Внутри дома было теплее разве что от великого волнения, кое охватило прекрасную турчанку и ее жениха.
Правду сказать, волновалась одна невеста. Хвостаков, одетый в нечто, похожее на древнеримскую тогу, в буклях и намазанный румянами, бродил по покоям, будто кастрированный кот, и пристраивался засыпать везде, где находил хотя бы опору: у ледяной стены, обжигаясь о нее всеми членами, у ледяного ломберного столика, опершись о него копчиком, у камина с ледяными дровами, удерживаясь, чтобы не упасть в него, единственно застывшим взором.
Турчанку же всю пронимало душевным трепетом. Плененная месяц назад в Крыму, она полагала сию баню и сию свадьбу делом для России обыкновенным да не знала, как оному делу соответствовать. Ей были известны только десятка два русских слов, ученых и любовных, Хвостакову — столько же, но военных и матерных. Сообщаться им было затруднительно. Их познакомили полчаса назад, и за это время они не сказали друг другу ни слова.
Но надо же было когда-то и разговор начать.
— Геометрия? — наконец нашла турчанка подходящую тему, полагая, что в римской тоге не может не быть бездны учености, и показала на грудь Хвостакова, где красовался масонский знак — циркуль и наугольник с буквою G между ними.
— Баляндрясы! — сказал Хвостаков и схватился за циркуль, пытаясь отодрать его. — Тараканы!
Намертво пришитый символ масонства не поддавался. Хвостаков отошел в угол, говоря непонятные турчанке слова.
Ему никак не удавалось прикорнуть. Одно — из-за холода. Второе — прилечь было негде, а стоя ноги в коленях подгибались. Пошатавшись по покоям, он нашел наконец щель меж ледяной стеной покоев и ледяным камином, пролез туда и встал, как марморная статуя, уперев колени в бок камина. Глаза у него сию же минуту сладостно закрылись.
Турчанка в отчаянии огляделась. Была она пуглива, трепетна, волоока — туманом были подернуты ее чудные черные глаза. Взор ее опять упал на ненавистного жениха, и вмиг закипев своей южной кровью, она схватила наполненное водой ведро и опрокинула его на Хвостакова.
Морфей уже так стиснул князя в своих объятиях, что он даже не открыл глаз. Его покрыло ледяной коркой, и он стал похож на глазированный пряник. Тога сверкала во льду, как чешуя мороженой щуки.
Турчанка, еще раз глянув на жениха, вдруг встрепенулась, и мерцание каких-то пугливых мыслей в ее глазах пронеслось, будто рыбья мелюзга в водах речки Бельбек.

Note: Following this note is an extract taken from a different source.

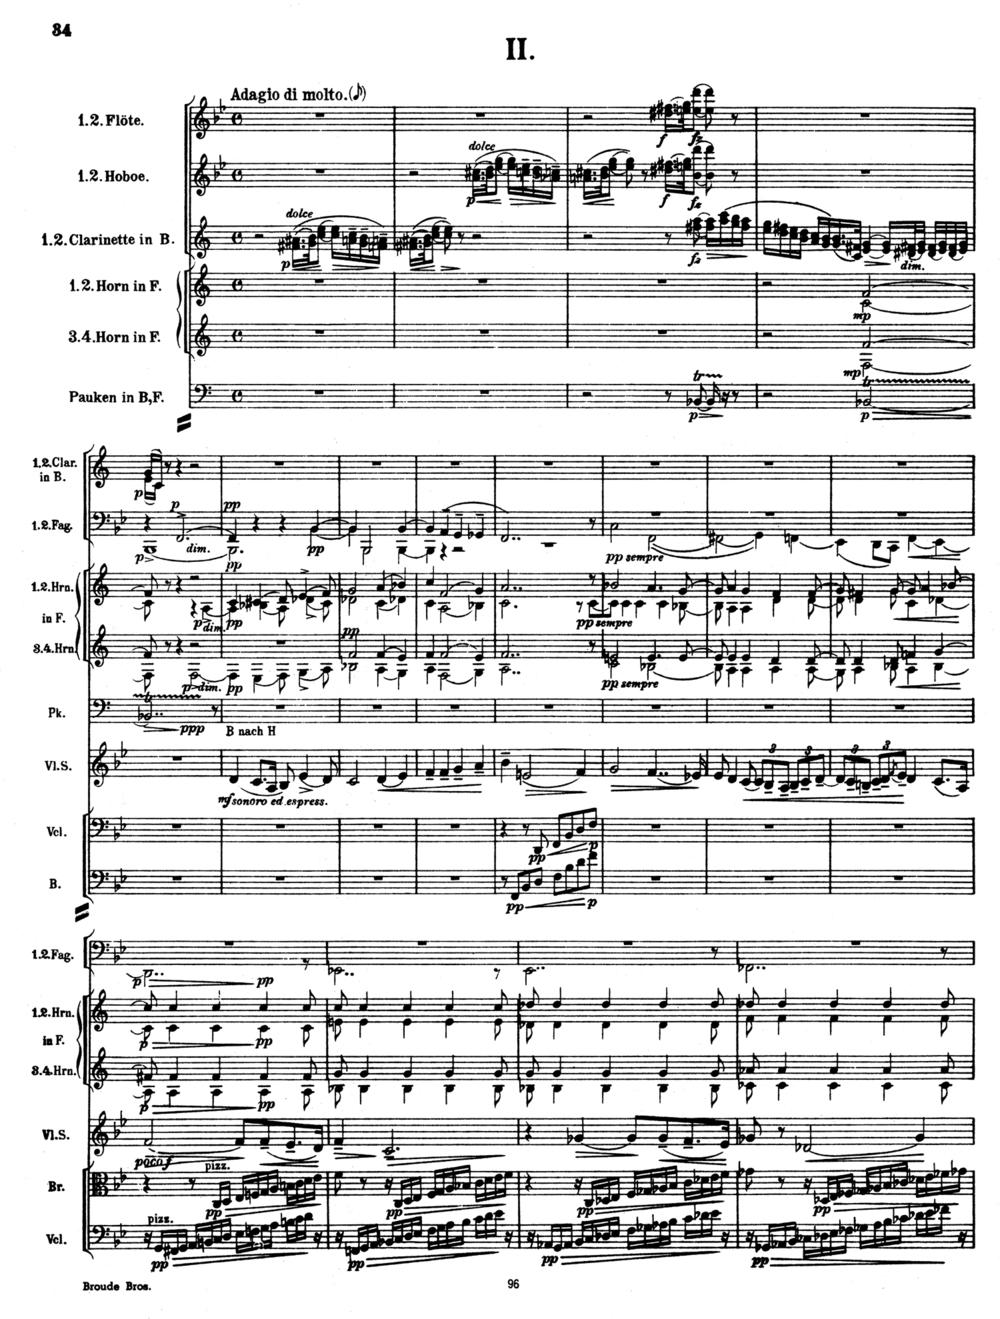 Sibelius Violin Score 1.jpg
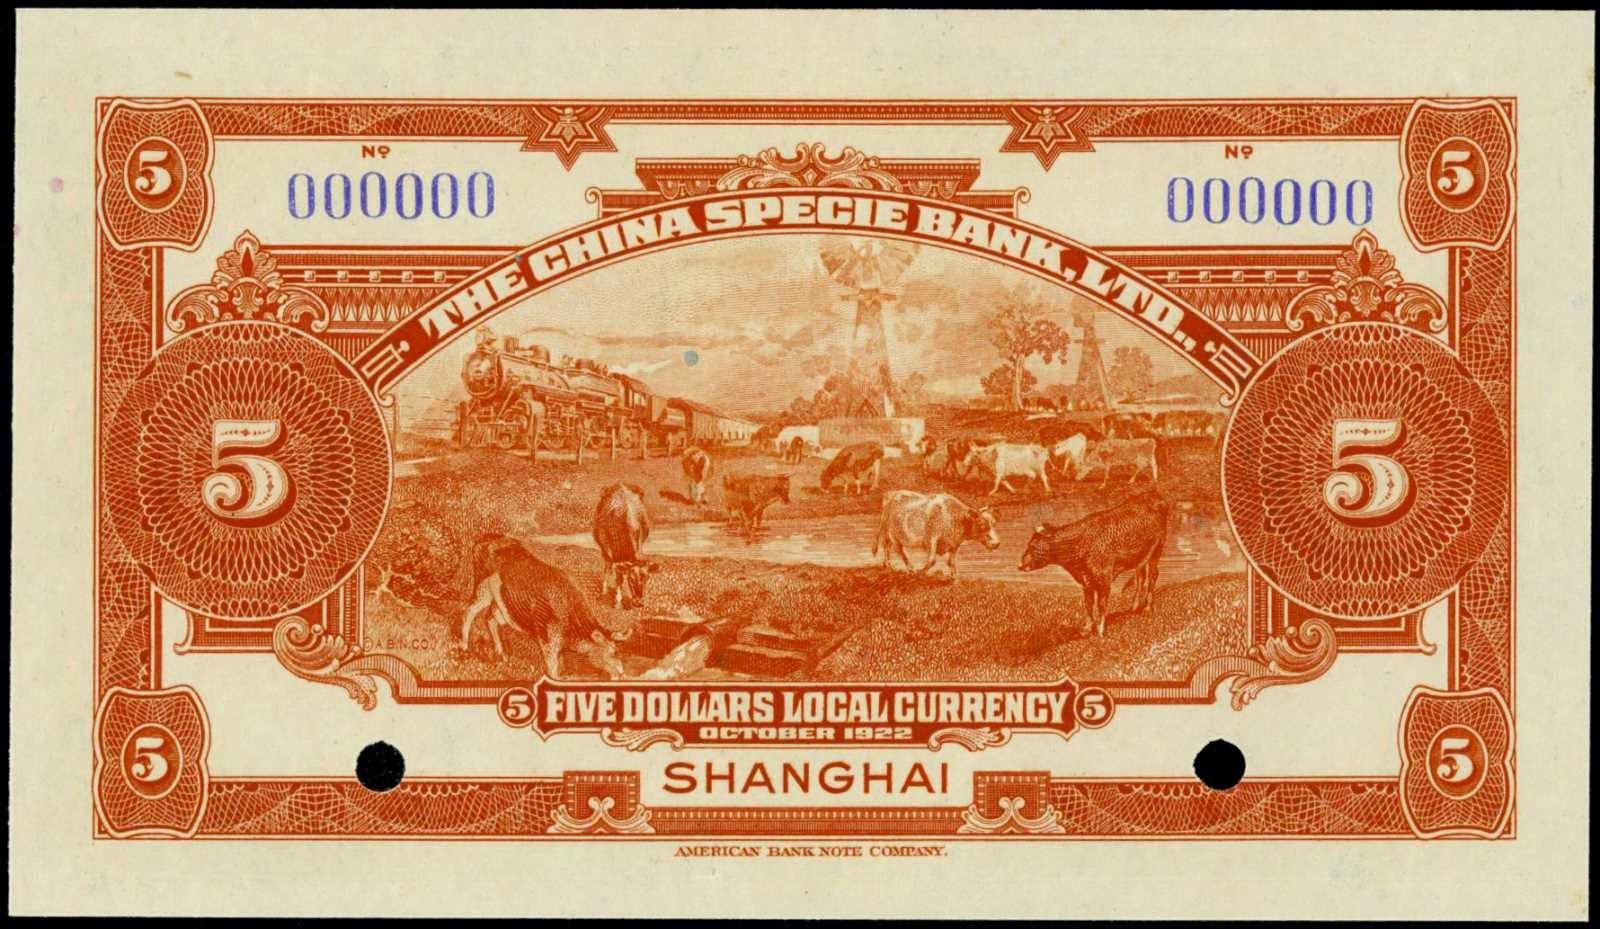 China Banknotes 5 Dollars Specie Bank

Она кинулась к оставленной на ледяной лавке верхней одежде Хвостакова, вытащила оттуда лазоревый пакетик, а вместо него сунула принесенный с собою точно такой же.
Обернувшись опять к Хвостакову, она поняла, что ежели будет тут стоять, как бы ни при чем, ей придется выходить замуж за мертвеца. Она бросилась к статуе князя и хватила ее медным ковшиком. Сладостный хрустальный звон рассыпался в покоях. Хвостаков открыл глаза, удивляясь сиянию стен и остаткам сего сладостного звона, в его ушах звучащим.
— Да, согласен! — сказал он, отыскивая замороженным взором священника и алтарь. — Паки согласен взять в жены рабу божию… — он оглянулся на турчанку, стоящую посреди покоев с ковшиком в руке, как с колотушкой сторожа.
В сей момент набежали слуги, схватили обоих под руки да в баню повели. В бане щипало глаза и было дымно, как в горящей избе. Ледяной пол хватал за голые пятки, как присоски осьминога. Хвостакова и турчанку быстро раздели, окатили горячей водой, от коей глаза у них стали, будто в приступе падучей, и вытолкали обратно в предбанник.
Баня кончилась. Никто еще не мылся, не парился, ледяные дрова еще горели, хвостатая труба накрывала прохожих сажею, а бани уже не было. Баня еще притворялась банею, но уже кончилась.
В покоях Хвостаков, не жалея подагрических ног, бросился к одежде, проверяя карманы. Нынешним вечером ему последний раз предстояло служить квасником у стола императрицы, и он приготовил особый порошок для добавления к исконному русскому напитку. Сей порошок из бровей китайского медведя, хвоста тибетской ящерицы и пота африканской обезьяны делал особо сладостными любовные утехи, коим императрица все свое свободное время дарила. Хвостаков ласкался надеждою угодить самодержице так, что она устроит его старость тихой и покойной, как у запечного сверчка.
Князя всю жизнь тянуло куда-нибудь спрятаться, да его неизменно извлекали на свет божий и заставляли крутиться и шуршать при дворе. Однажды он неделю жил схимником при монастыре и отощал так, что сквозняк скинул его с подоконника под угор. Хвостаков стал известен всей столице своим неслыханным падением. Он бросил схиму и в качестве изрядного шута стал изображать сей полет при дворе императрицы, наловчившись пролетать пять аршинов над полом не только натурально, но даже с искусством паря.
Лазоревый пакетик с порошком лежал в том же кармане кафтана, где он его оставил. Хвостаков вздохнул с радостию. Господу богу было угодно, что никто сей порошок не тронул!
Глава двадцать первая
Парад козлов и собак
Начальнику Тайной экспедиции Степану Шешковскому была оказана милость, от коей он памяти лишился и в сии великие морозы подать ему епанчу вместо шубы приказал. В оной епанче он теперь сидел подле императрицы Екатерины Второй в ее карете, дрожа, как суслик, от холода и страха, буде не справится со своим делом.
Карета стояла напротив ледяного дома, горящего миллионом разноцветных солнц. Карета была потертой и без украшений, лошади вислозадые, а кучер походил на отощавшего медведя-шатуна, одетого в рясу. Императрица распорядилась устроить свой выезд так, чтобы не привлекать ничьего внимания.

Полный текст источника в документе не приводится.